* _About this task_
Can you copy out the data exactly? Leave the images out.

* _Raw data_
===============

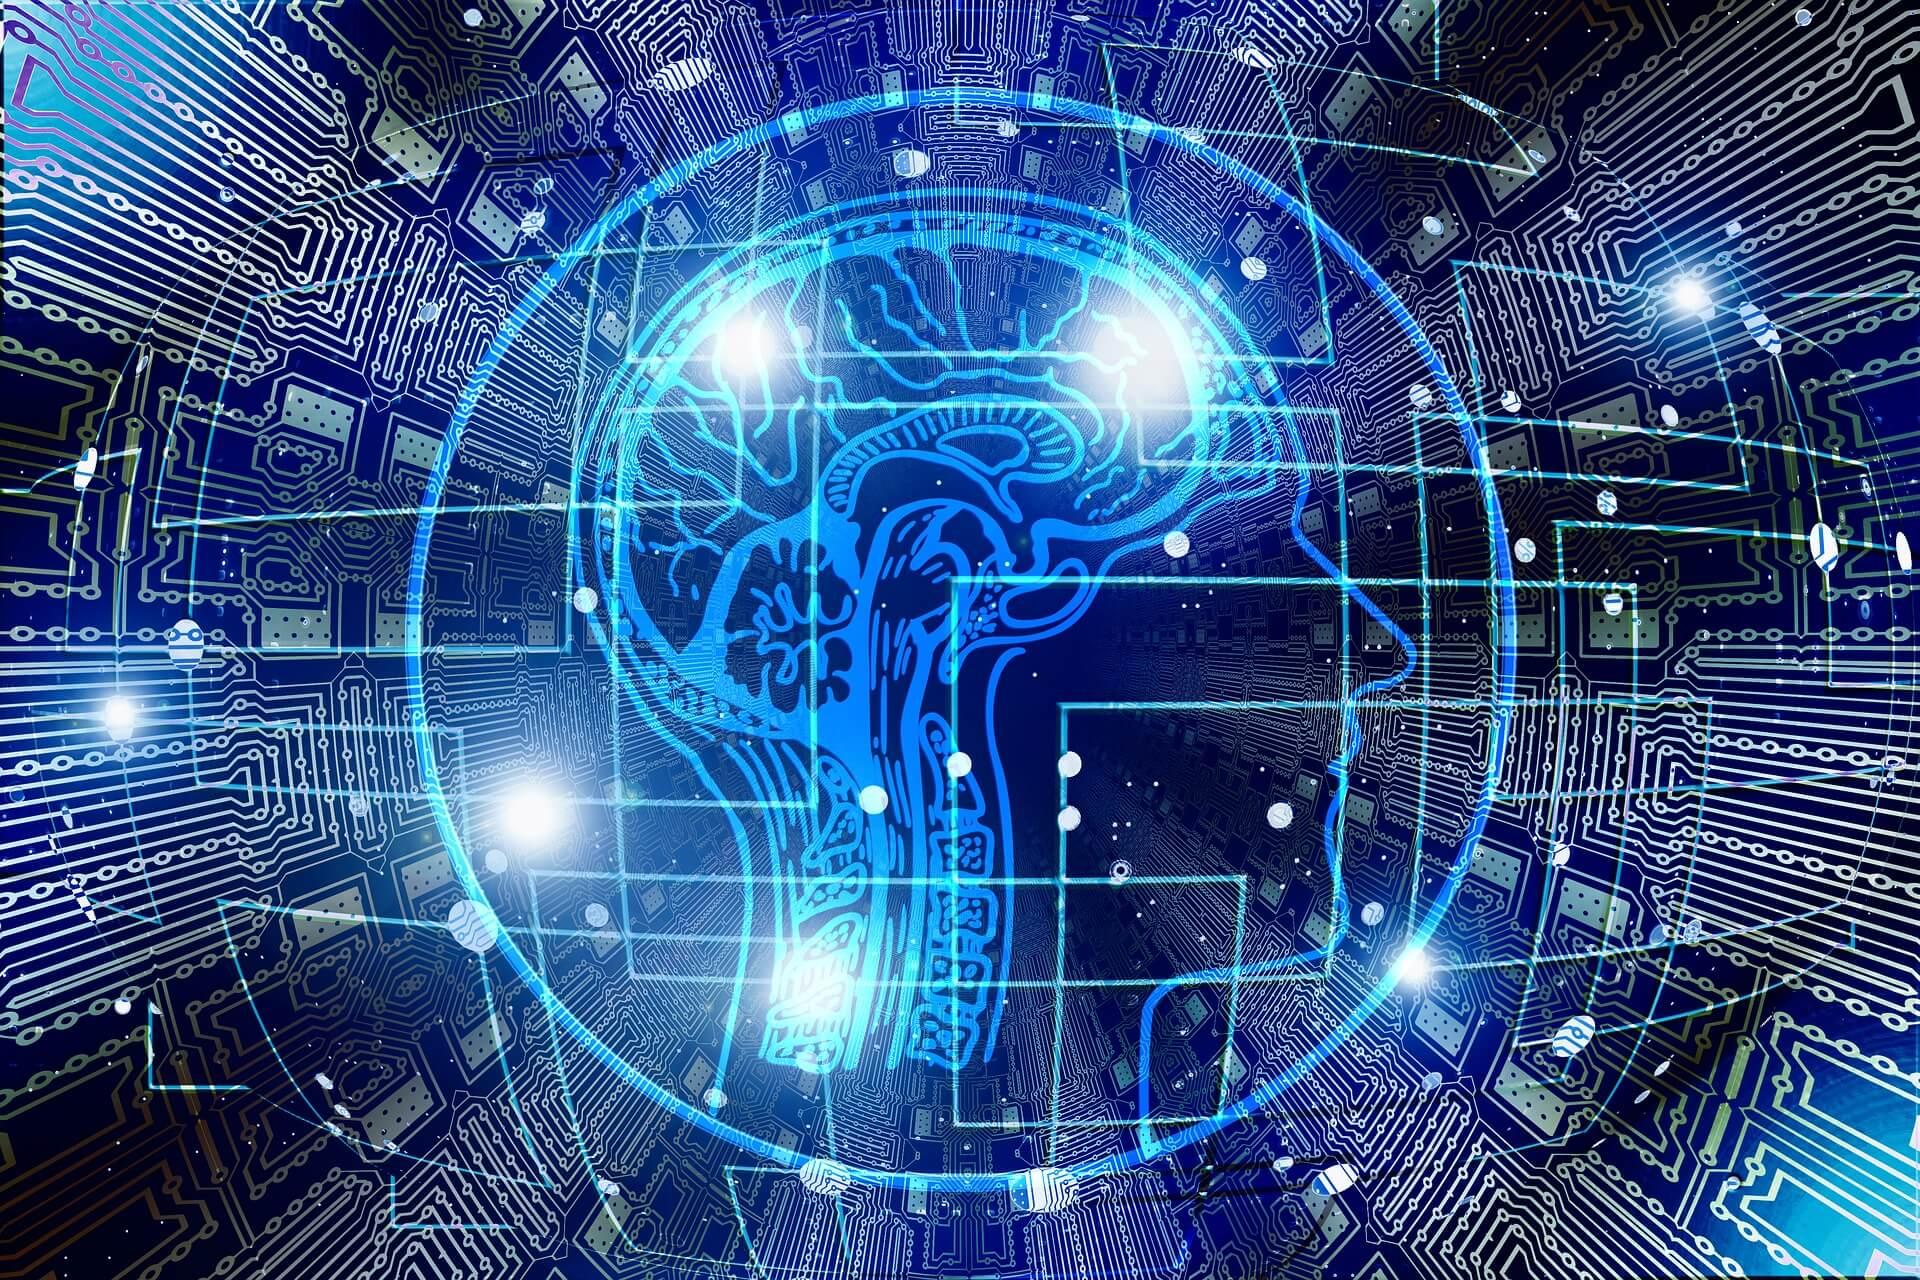 künstliche Intelligenz - KI
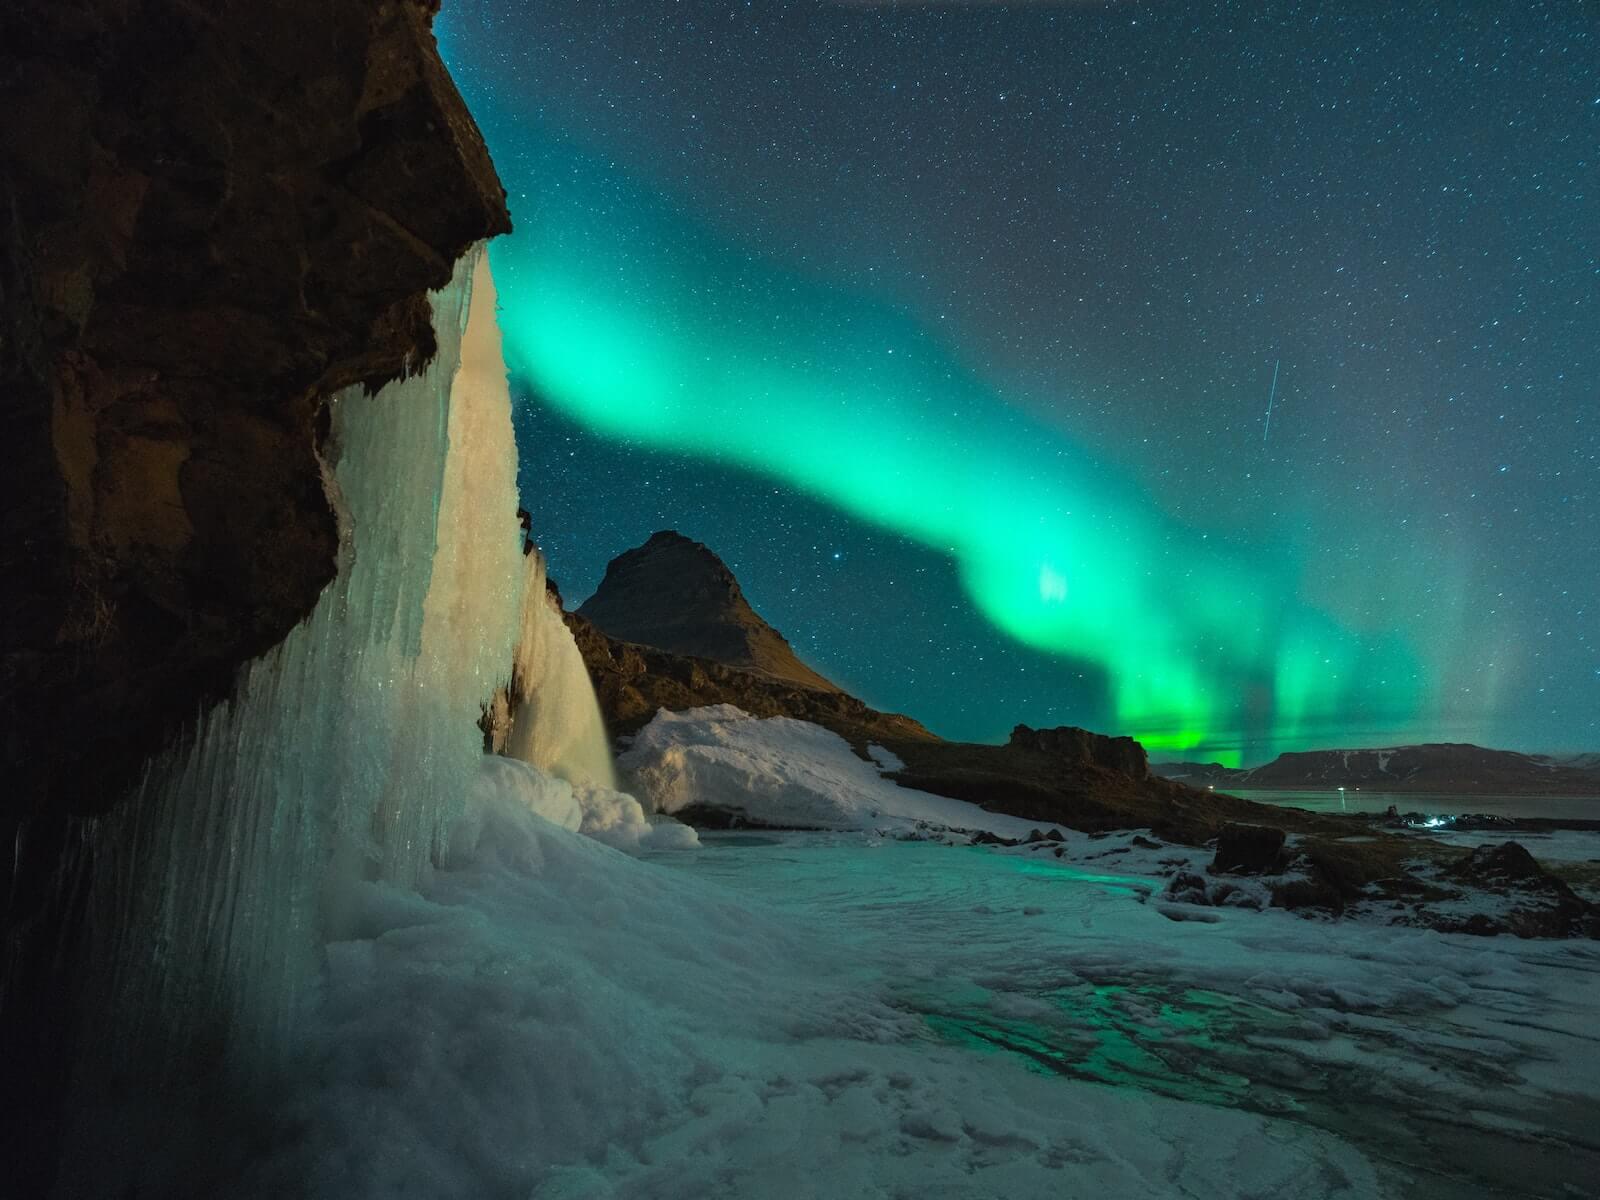 beste reistijd ijsland oktober t/m maart
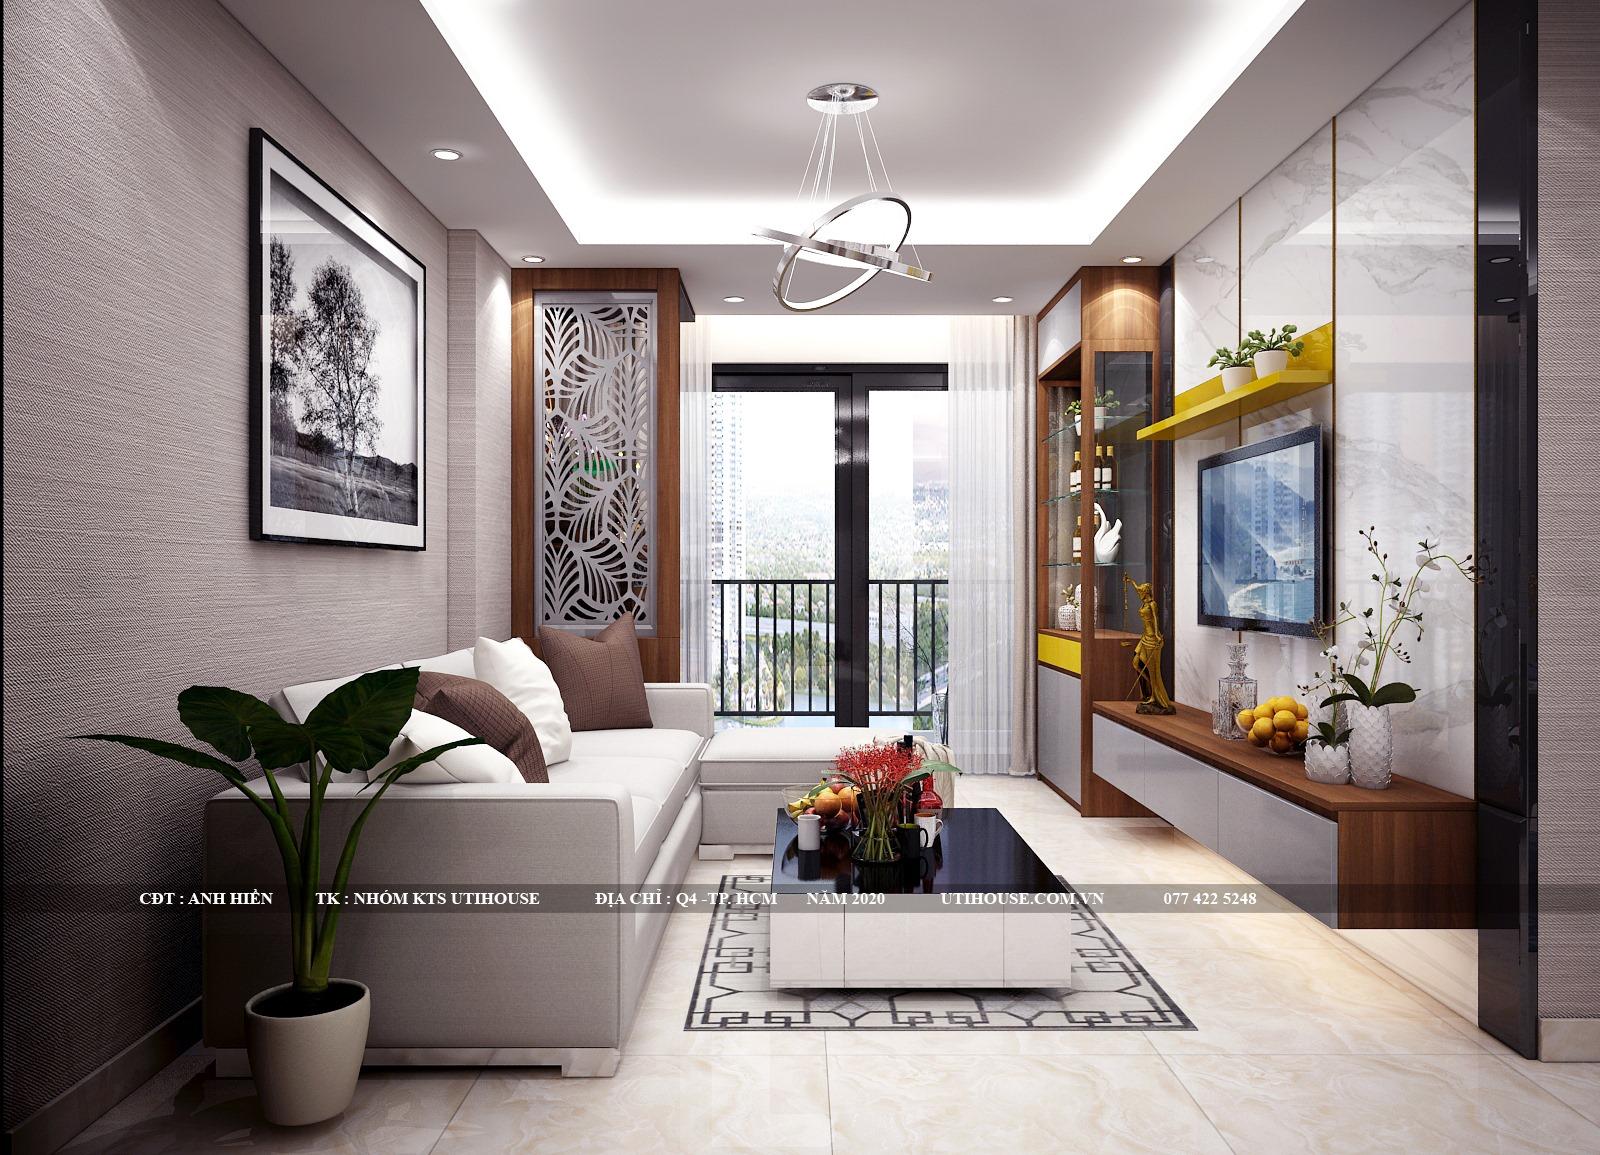 Phong cách thiết kế nội thất chung cư cao cấp bền vững với thời gian

===============

* _Expected answer_
 künstliche Intelligenz - KI
 beste reistijd ijsland oktober t/m maart
 Phong cách thiết kế nội thất chung cư cao cấp bền vững với thời gian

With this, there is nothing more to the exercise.